Hummingbird, Camped Out

Hummingbird attempting to make sure no other hummingbird comes to the feeder.

The hummingbirds have been draining the feeders. I set up another feeder to try to capture a hummingbird in flight with wings stopped. I put out my flashes and tried to remember my settings and failed miserably. Nothing I did got me where I wanted to be. I will have to start over and relearn the flash stuff. In the meantime, I noticed that one of the male hummingbirds camps out at the feeder. He stays there for a long time and falls asleep. I guess he does not want to share. I also noticed that in certain light, the gorget looks gold but when I take a picture with my camera, it is not as gold. I understand that our eye and the camera see different things, but this one is particularly puzzling to me.

Anna’s hummingbird at the feeder.

Anna’s hummingbird.

I was trying, unsuccessfully, to take pictures of the bees at our blooming rhodendrum. The whole area buzzes because there are so many bees. I did not get a single decent picture, but I noticed the dogs making peace. Dart has not been thrilled with the puppies even though the female tries desperately to make friends. The male heeds Dart’s warnings and stays away, but the female will not give up. Dart has been having trouble going up and down steps recently. Regis made him a ramp to get to the grass. Dart is happy to have it and the puppies love it too. Probably because it is new and different. I can use the ramp to begin some agility training. While trying to photograph bees, I saw the beginnings of peace between Dart and Clover. I later saw the same with Dart and Raven. Dart is not always tolerant, but sometimes he is. I still have to look out for him and protect him. He is old and slow and the puppies take advantage, so I have to be his keeper.

Dart and Clover making nice while Raven sits in the background on the ramp Regis made for Dart.
Raven with his floppy ears.

The puppies are a handful and Clover is the one driving me crazy. Raven is the marshmallow who listens and is basically house trained. Clover pushes the boundaries constantly. As long as I stick with it, she eventually behaves. For example, she wanted to dive into the dishwasher. Raven got the message very early that it was not acceptable. Clover did not. I put her in her pen everytime she did not listen to me that it was not okay to get into the dishwasher while I was loading dishes. It took three days for her to accept and behave. She did.

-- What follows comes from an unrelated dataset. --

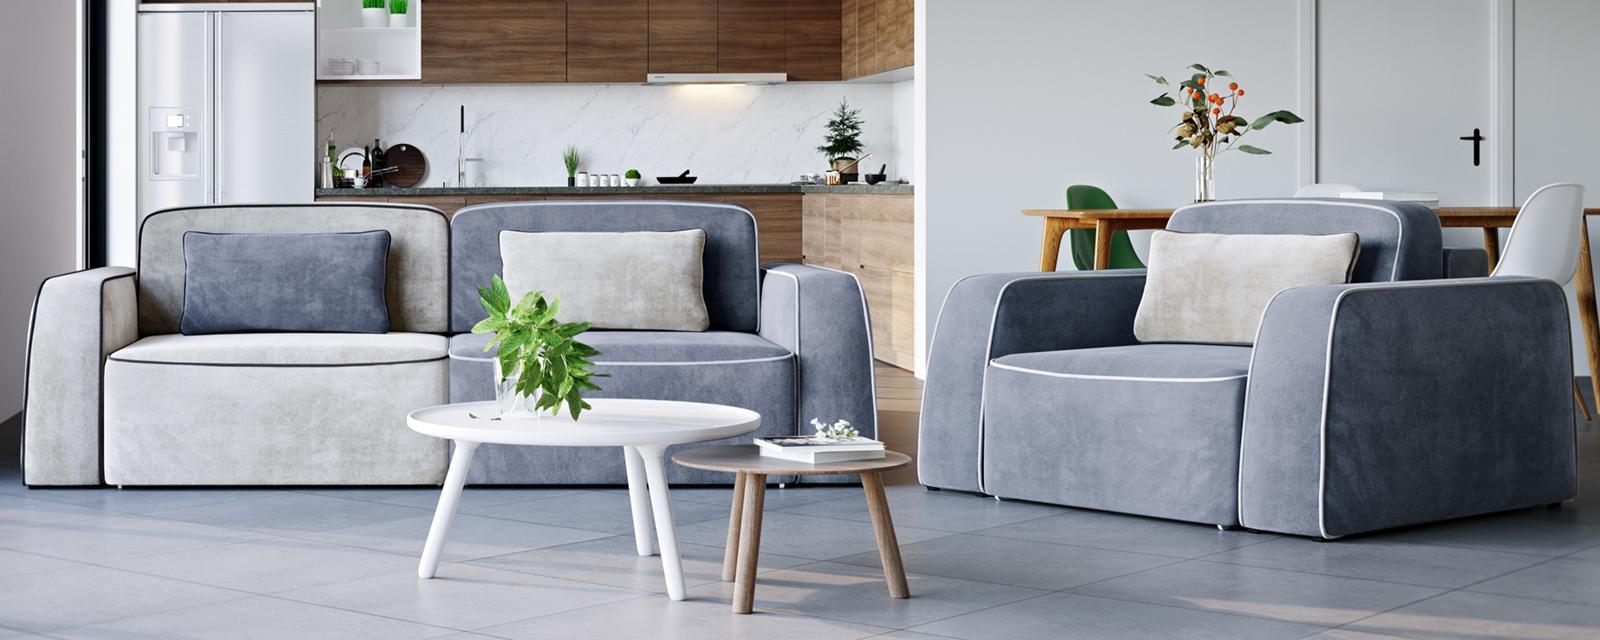 Кресло тканевое Портленд 100 см Velutto серый/бежевый (Велюр) от HomeMe.ru

Regis is in Florida looking at boats and I thought I would go to Port Townsend to visit and go to some of the art galleries in town. I put the pups in their pens and left in the Tesla and it didn’t take long for me to notice that I had a problem with one of the tires. It was low on air. I turned around and came back home. Teslas do not have spare tires. If there was a problem, I had no idea how long it would take to work with Tesla to get it resolved. We are not in the boonies, but as far as Tesla is concerned, we are. To me, it was not worth the risk. I figured it was better to go home, fill up the tire, and see how things looked the next day. If all was well, I may still go to Port Townsend.

When I got home after only being gone about 15-20 minutes, I found that Clover was running through the house while Raven was still in his pen. We once had a male and female Bedlington Terrier and she managed to escape pens and crates and he did not. I prefer male dogs!

I put up a plastic enclosure in our backyard for the pups and two weeks into being with us, one of them rolled out of the fence during their playing. That night, when I let them out, they dashed for that spot and scrambled over the top of the fence and left. I had to grab some shoes and their treat bag and shake it. Thank goodness they love the sound of crinkaly bags. They immediately returned. Regis had to set up a better enclosure.

This reminds me of a time that I built a rabbit hutch for my son’s and nephew’s rabbits. It looked terrible. Regis and my dad spent a day in the garage and built a beautiful rabbit hutch. It could have won awards. So, as much I want to be handy and do things, I am not good at it. Regis excels. Phew, thank goodness.

This has been a particularly cold and wet couple months in the Pacific Northwest. The dogs track dirt in everytime they come in the house. Once Regis set up a better enclosure in the back, I started letting the dogs out there. One day, after coming in the house, they investigated our shower. It appears I need to teach them to turn the water on.

Muddy dog foot prints in our shower.

Regis has been taking some pictures at the boat dock in Tracyton.

Gull with a clam.
Blue heron with a fish.
Gull with a crab.
Two gulls.
Two gulls.
Clover, asleep.

2 Comments on “Hummingbird, Camped Out

  1. Hi Linda, I find that using my phone gets me much better photos of things like bees. Laurie and I recently got new Pixel 6 Pros, mainly for the camera, which is very good. In fact, when I get out my “good” camera I am almost always disappointed. I may need a new good camera. Anyway, I enjoy reading about your new life and the various challenges you face. I wouldn’t have the energy to deal with new puppies. My rescue cat, who has various health issues, is enough for me. Keep me on the list! Thanks, Beth


    • Beth, I recently ordered the Pixel 6 and it ships on Friday. I’m glad to hear you are having good experience with it.